During my time at IU, they’ve long been a joke among students.

From all indications at Wednesday’s Big Ten Media Day in Chicago, this year is different.

And for IU Coach Kevin Wilson, it has to be.

“Saying that we expect to make a bowl game is a complete understatement,” senior kicker Mitch Ewald said. “Our goal is not to make a bowl game. Our goal is to be consistently one of the two, three best teams in the Big Ten year in and year out.

“That’s our goal. To say that we’ll just make a bowl game, that’s an understatement.”

For Wilson, now in his third season, this is the year that people will start to judge him. He got a pass his first year when he went 1-11. That wasn’t his team, and it was a transition year.

Last year, he showed that he had made some strides with the players, as the team won two Big Ten games, but still finished 4-8. Again, he got a pass with it just being the second year, and losing incumbent starting quarterback Tre Roberson in the second game.

Now, with a roster familiar with Wilson and the expectations, there is no reason for this team to be a joke anymore.

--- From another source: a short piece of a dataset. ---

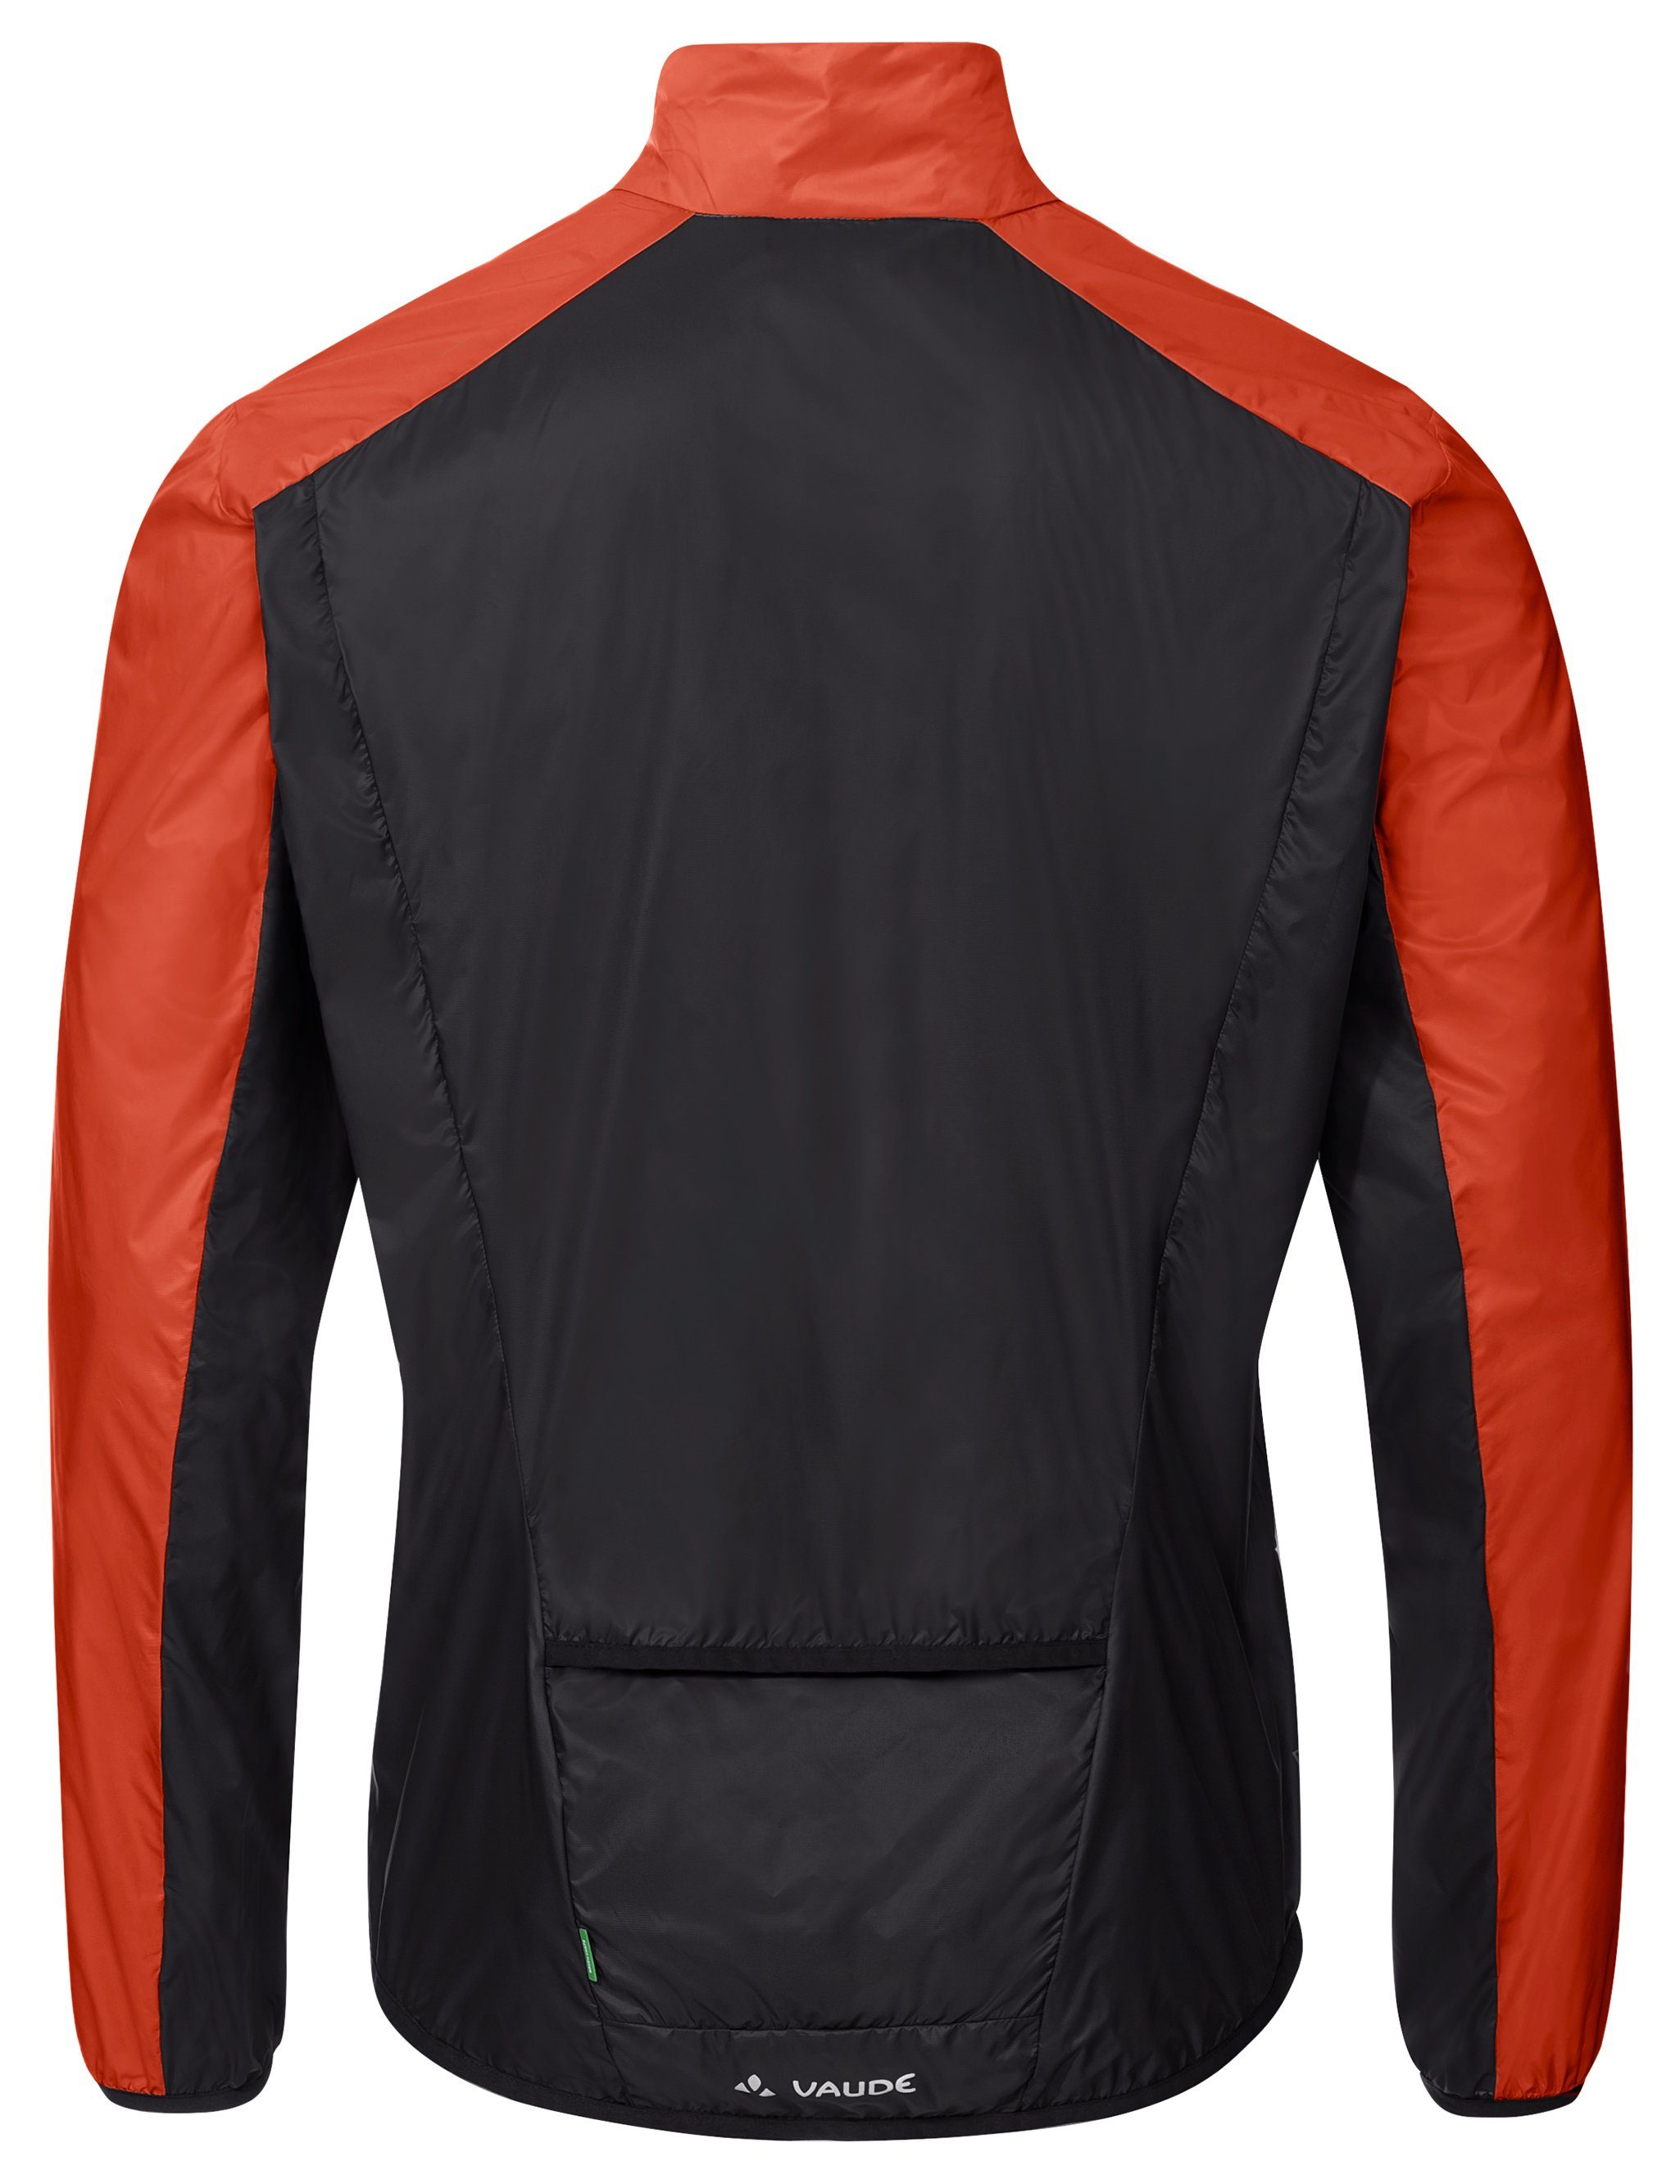 (1-St) Jacket Outdoorjacke red Men's Air VAUDE glowing Matera kompensiert Klimaneutral
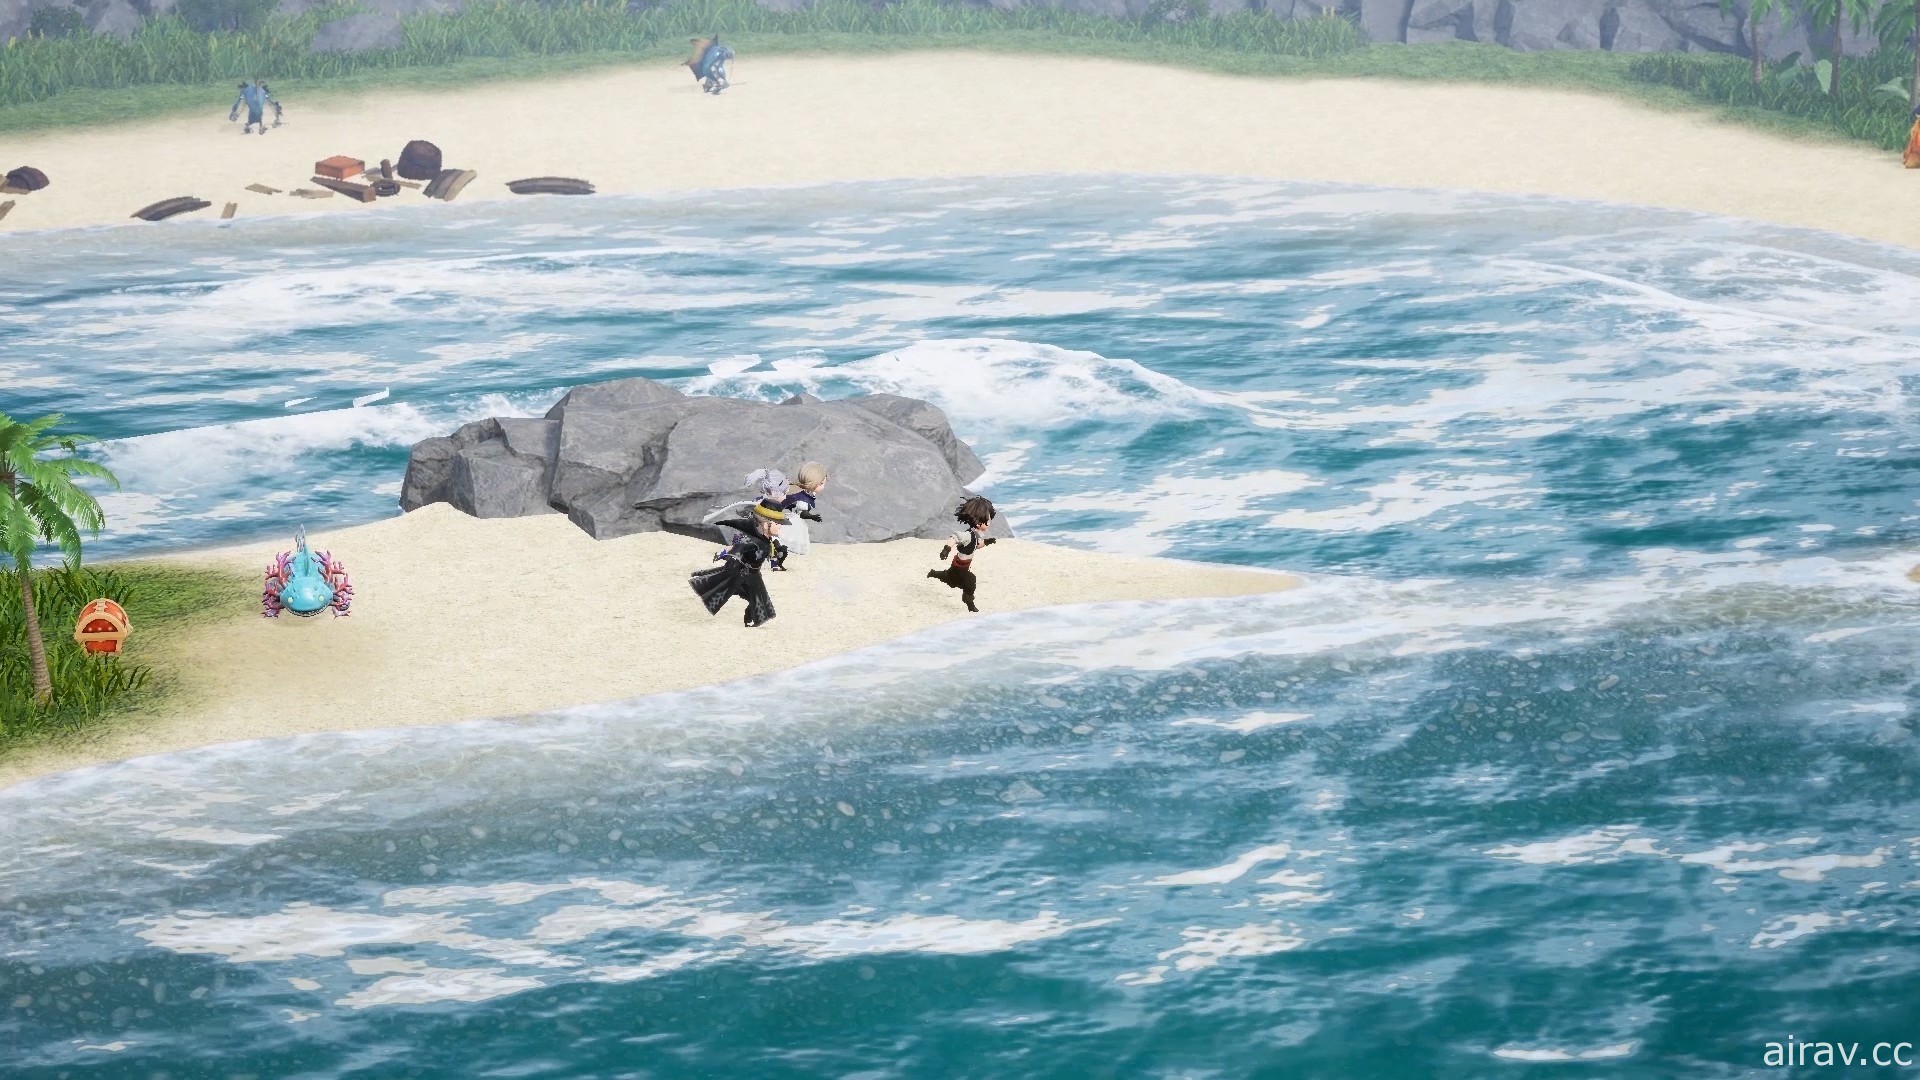 《Bravely Default II》今日正式发售 回顾世界观与主要游戏系统

“We are, though, a veteran team,” Wilson said. “I think we’re going to be fifth or sixth in the country with returning guys with starts. So we do have guys that are battle tested.

“We have guys that are getting more mature, but I do think we’re a young team growing and there’s a lot of growth potential with our football program in these next few years.”

But for the three players Wilson brought with him to Chicago Wednesday — seniors Kofi Hughes, Greg Heban and Ewald — there’s no time for the future.

They want to win now.

And there’s no reason for them not to.

“We expect to be great, to play great, to win a lot of football games,” Ewald said. “We owe it to the University to be a good Big Ten football team.”

During the last two years, Hughes has noticed a lot of changes around the team instituted by Wilson.

What has excited Hughes, who was not recruited by Wilson, but by former IU Coach Bill Lynch, is that the players who are there are a “brotherhood” and all want to be there.

Wilson finally has his team.

“Coach Wilson, when he came in, he said he was going to set a standard,” Hughes said. “He asked us, ‘What does it take to be a man of Indiana football?’ and we really didn’t know what to say.”

Now the team knows what to say.

The team goes to class. Players have meals together. They hang out.

They clean their area after they’re done. They clean the locker room. They get after it in practice.

“I think we really changed IU football,” Hughes said. “I know that when I was a freshman, I came in, it was the stereotypical kind of team. You’re a freshman, the seniors are seniors. You don’t really socialize that much type of thing.

“I’ll say right now, I’ll have dinner with (freshman defensive back Rashard) Fant or hang out with (freshman defensive back Antonio) Allen. I’ve got (freshman wide receiver) Isaac Griffith at my house playing video games.”

Watching Heban’s face light up while talking about the athletic freshmen defensive players, hearing Wilson gush about the development of sophomore running back Tevin Coleman and listening as Hughes spoke about how he enjoys rallying a talented group of receivers shows this team has nothing but positives entering the season.

“There’s a lot of good energy with what’s going on,” Wilson said.

None of the players were joking around July 24. They really believe it’s different. There’s no excuse for mediocrity this season.

There’s no reason for this season to be a joke.

Now, it’s time to see those results on the field.